Fig. 4.

Ultrastructural and functional characterization of hES-derived DA neurons. (A and B) Electron micrographs of TH ImmunoGold-labeling (5 nm) at synaptic contacts formed between neurons derived from hES cells. Gold particles are associated with small vesicles presumably containing neurotransmitters located at the presynaptic terminal (arrowheads). (A and B) Two examples of synapses are shown: A shows recently formed immature contact with a faint membrane density and few synaptic vesicles, and B shows a more differentiated synaptic contact with a distinct postsynaptic density (bracket) and a larger number of vesicles clustered in the proximity of the cell membrane. (Scale bar, 125 nm.) (C) Representative HPLC chromatogram showing high levels of DA in the medium of rosette-derived neurons (green line: medium conditioned for 24 h, 751 ± 239 pg/ml).

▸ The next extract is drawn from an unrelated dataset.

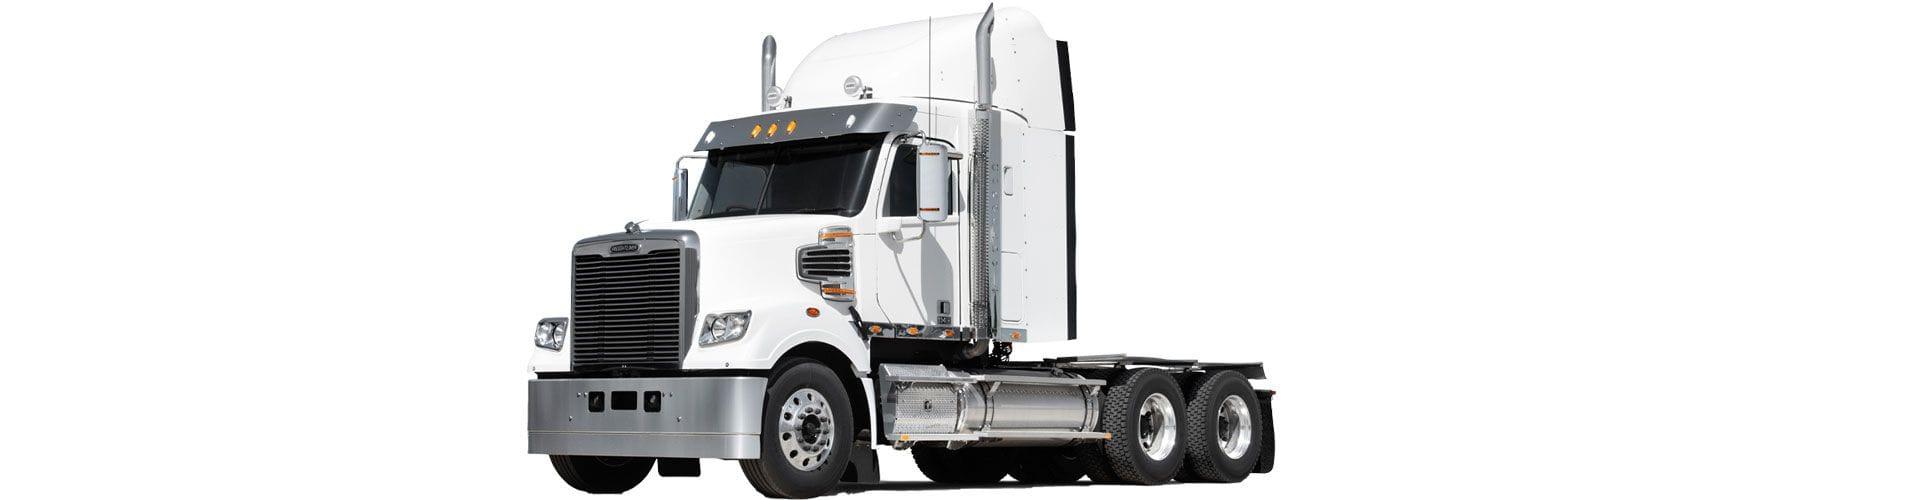 Freightliner Coronado 114 | Daimler Trucks Albury & Wagga

Relatively low levels of basal DA release were detected (blue line: exposure to buffer for 15 min, 147 ± 78 pg/ml) in contrast to very high levels of DA after 15 min of KCL-evoked depolarization (red line: 1,283 ± 421 pg/ml). Data were derived from three independent experiments. Rosette-derived neurons were patched in the whole-cell configuration in current clamp mode. (D) Action potentials were evoked by depolarizing currents at a threshold of –40 mV. (E and F) Action potentials were tetrodotoxin (TTX)-sensitive.